# Housetraining a 6 year old ex breeding bitch



## witcheswalk (Aug 27, 2010)

We are looking for a dog to join our family and I am really seriously considering a little cocker bitch I have seen who is an ex breeding bitch. She is 6 years old and is not house trained. She has the sweetest personality apparantly. Now what I am worried about is how trainable is a 6 year old dog? She has lived in a house for a few weeks before being returned to kennels as they couldnt house train her but it doesnt sound like they gave her much of a chance in a few weeks. How would I go about it and has anyone else rehomed an ex breeding bitch? What special conditions would need to be met for her? I do have a nice roomy crate so thought that crating her at night and when we go out would be ideal so she doesnt mess in her bed (in theory) and she may feel more secure having that as her space through the day (with the door open). I would leave paper down for her whilst training and could leave the back door open this time of year whilst she is learning where to go to the toilet. Also, I thought that with regular walking times (building up the time slowly) she would get into a routine of toileting when out as we would have at least 3 walks a day. 

Look forward to hearing peoples experiences and advice. 

Ps we have had springers in the past so have got spaniel experience.


----------



## tiddlypup (Oct 4, 2008)

just go about it the same way you would a new puppy, be consistant and patient :thumbup:


----------



## witcheswalk (Aug 27, 2010)

Only problem is i have never house trained a pup as I have never had a pup.

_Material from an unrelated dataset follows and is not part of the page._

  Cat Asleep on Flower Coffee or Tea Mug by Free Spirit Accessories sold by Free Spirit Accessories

My springer was a rescue and already house trained. I want to make sure what we want to achieve with this girl, is achievable before we decide to take her on.


----------



## haeveymolly (Mar 7, 2009)

Ive rescued a 6 yr old cocker we got charlie in january, ok not an ex breeding bitch and he was house trained, but i have to say how quickly he has fitted in, he was the most spoilt dogs imaginable had no boundaries dont think hed ever heard the word "no" so he had a lot of adjusting and a lot to learn and tbh ime amazed at just how quickly they learn. Good luck if you decide to take her.


----------



## Fleur (Jul 19, 2008)

witcheswalk said:


> Only problem is i have never house trained a pup as I have never had a pup. My springer was a rescue and already house trained. I want to make sure what we want to achieve with this girl, is achievable before we decide to take her on.

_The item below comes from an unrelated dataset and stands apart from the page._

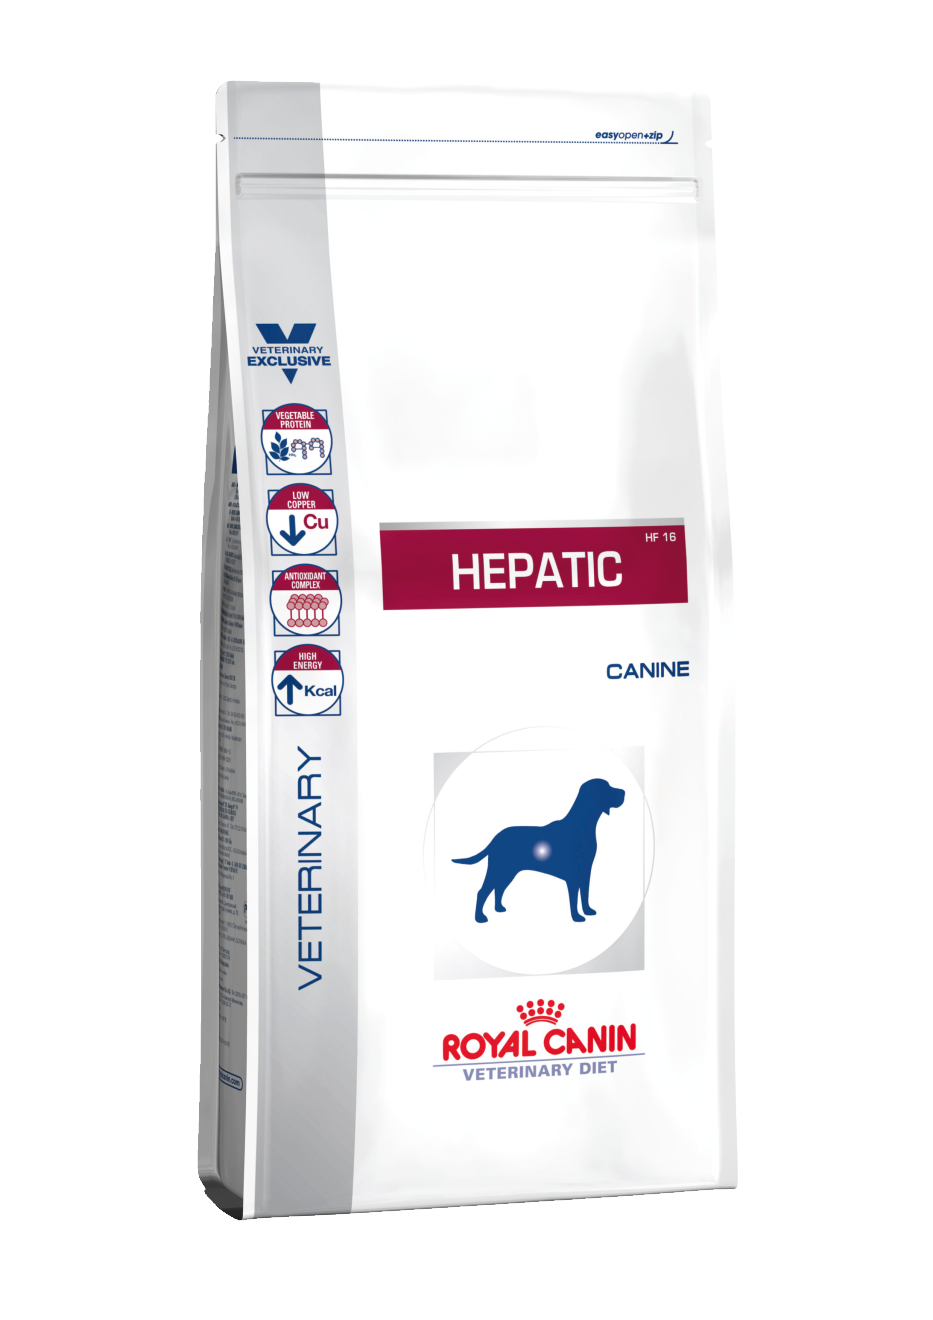 royal canin hepatic 10 kg

I've never trained an adult dog - but this is how I trained my pups
hope it helps,

I would take her out every hour PLUS whenever she wakes, finishes eating, wakes up. stops play or shows signs such as circling and sniffing.
Praise like mad when she gets it right, don't make any kind of fuss when she gets it wrong and clean up any mess with a solution of biological washing powder to get rid of any smells etc.


----------



## happysaz133 (Jun 5, 2008)

I rescued a 6yo greyhound in 2001, who had lived in kennels all her life and was not housetrained. We stayed outisde with her until she 'went', it took about an hour, and praised her loads and gave treats when she did go. Then we took her out every 2 hours, and reward, and carried on, and then soon she was asking to go out!


----------



## witcheswalk (Aug 27, 2010)

How long did it take for your greyhound to be housetrained? I have the time as I dont work, and the kids are back to school in a week. How did you settle your dog in the house when used to kennels her whole life? I dont want to stress her out with anything if we did get her? xxx


----------



## Burrowzig (Feb 18, 2009)

Many Tears rescue rehomes a lot of ex-breeding dogs and bitches. They say they prefer to home them to a person or family where there is an existing dog that the new one can copy. They have a lot more to learn about living in a house than just not going to the toilet in it.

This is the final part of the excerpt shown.